A board meeting at Dearborn Public Schools broke out into open demonstration, with chants of “vote them out” recorded and shared on social media.
The significant influx of Muslim supporters in Dearborn marks a notable shift in the communities advocating censorship of what is perceived as sexualized or taboo subjects in schools, which hereto has been typified by predominantly white Christian conservatives.
In the polarising debate which has surrounded this, Senator Ted Cruz (R-TX) waded in with what he believed was a cat-call from left-leaning commentators.
The Claim
A tweet posted by Ted Cruz, on October 14, 2022, included a screengrab of what appeared to be an article from The Atlantic with the headline “The Evolution of White Supremacy” alongside a photo of the protest.
The alleged article, accredited to journalist Abby Ohlheiser, included the subhead “In Dearborn Michigan, Muslim parents who oppose teaching pornography to children became the new face of the far right.”
Cruz tweeted “The Left is beyond parody.”
Other prominent accounts on the right have also shared the purported screengrab from the magazine.
The Facts
The fractious debate around the censorship of literature available in American schools has continued to deepen, Dearborn being one of its most recent and widely publicized chapters.
A common topic of the “culture wars,” the conversation about what books should be read, many of which concern LGBTQ topics, has been top of mind for many right wing politicians and commentators.
Some of the chatter, however, has been characterized by misinformation, a trope to which Cruz, here, has fallen victim to.
The since-deleted missive by the Texas senator received a quick response from Twitter users who let him know that The Atlantic “article” was a hoax, posted online to stoke the drama surrounding the Dearborn story.
There was no such article published between the meeting at Dearborn on Monday, October 10, 2022, to when the screengrab that Cruz reposted is thought to have begun circulating.
It’s understood that the image began spreading on Twitter on Wednesday, October 12, 2022, later migrating to Facebook and other social media network.
Newsweek found one example being shared by Russian social media content platform VK, on Thursday, October 13, 2022, the day before Cruz’s tweet. VK has been linked to multiple examples of misinformation on controversial themes, from the the war in Ukraine to the “culture wars” in the U.S.
Journalist Abby Ohlheiser, who was wrongly credited to the piece and no longer works for The Atlantic, wrote on Twitter “are you f***g serious Ted Cruz” and “It’s for sure good and normal to wake up to dms calling you a groomer because some maga stposter photoshopped your byline onto a fake article for a publication you haven’t worked for in a decade.”
The image credits for the article also appear to have been taken from an online edition of a cover article by The Atlantic.
The article written by CNN’s Jake Tapper, about C.J. Rice, a Philadelphia teen imprisoned for attempted murder, which Tapper writes was wrongly convicted because he had “an incompetent lawyer.”
It’s one of a number of instances in which Ted Cruz has made misleading or misinformed statements recently.
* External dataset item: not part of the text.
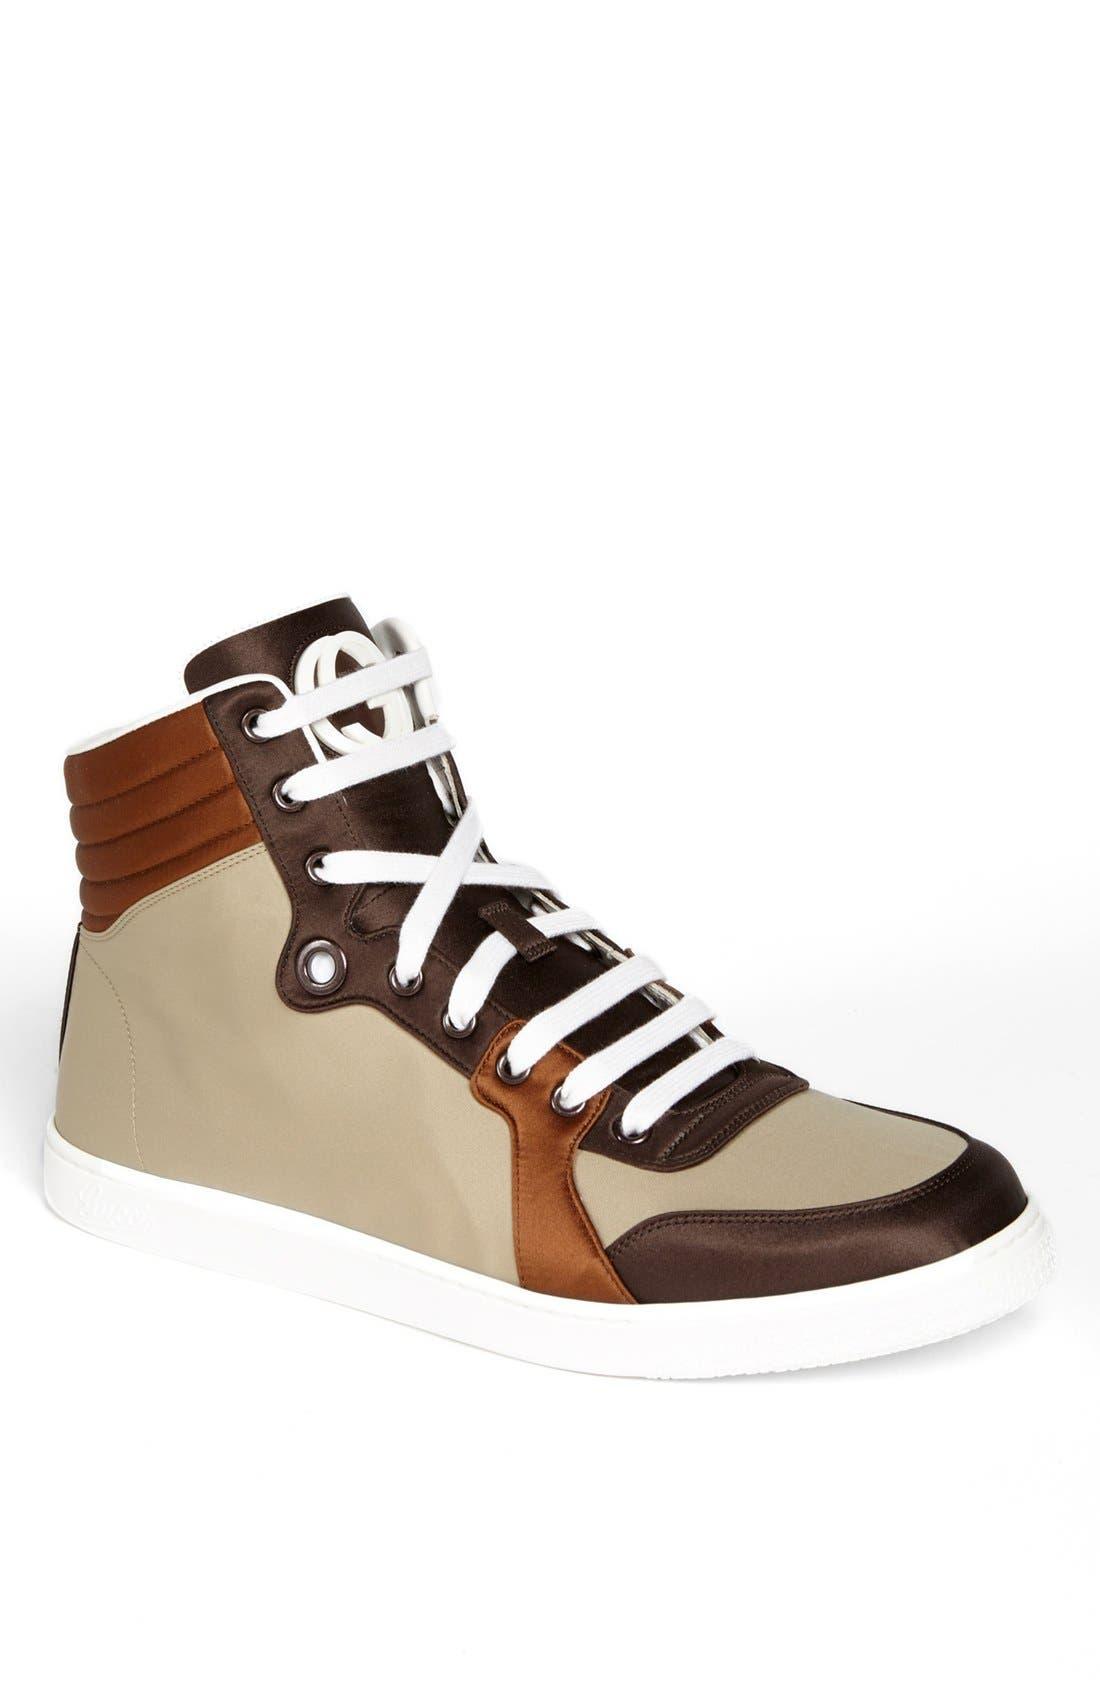 Main Image - Gucci 'Coda' Satin High Top Sneaker

In August 2022, he tweeted that the White House’s student debt relief program would cost every American $2,100, without mentioning a wide list of caveats to that calculation.
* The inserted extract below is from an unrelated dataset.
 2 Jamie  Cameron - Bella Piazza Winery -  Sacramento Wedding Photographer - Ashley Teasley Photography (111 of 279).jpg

In September, the Texas senator was also mocked by the White House on Twitter for praising a spending bill that he didn’t support.
The Atlantic confirmed to Newsweek that the screenshot is fabricated and it had “published no such thing.”
A spokesperson for Ted Cruz referred to a tweet sent by the senator on October 14, 2022, in which he said that he “Didn’t know it was fake” and that he “deleted the tweet as soon as I found out.”
The Ruling
False.
The article that Ted Cruz posted about Dearborn does not exist. It was not published by The Atlantic and includes a byline for a journalist who no longer works there. Other credits in the article were appropriated from an unrelated story in The Atlantic.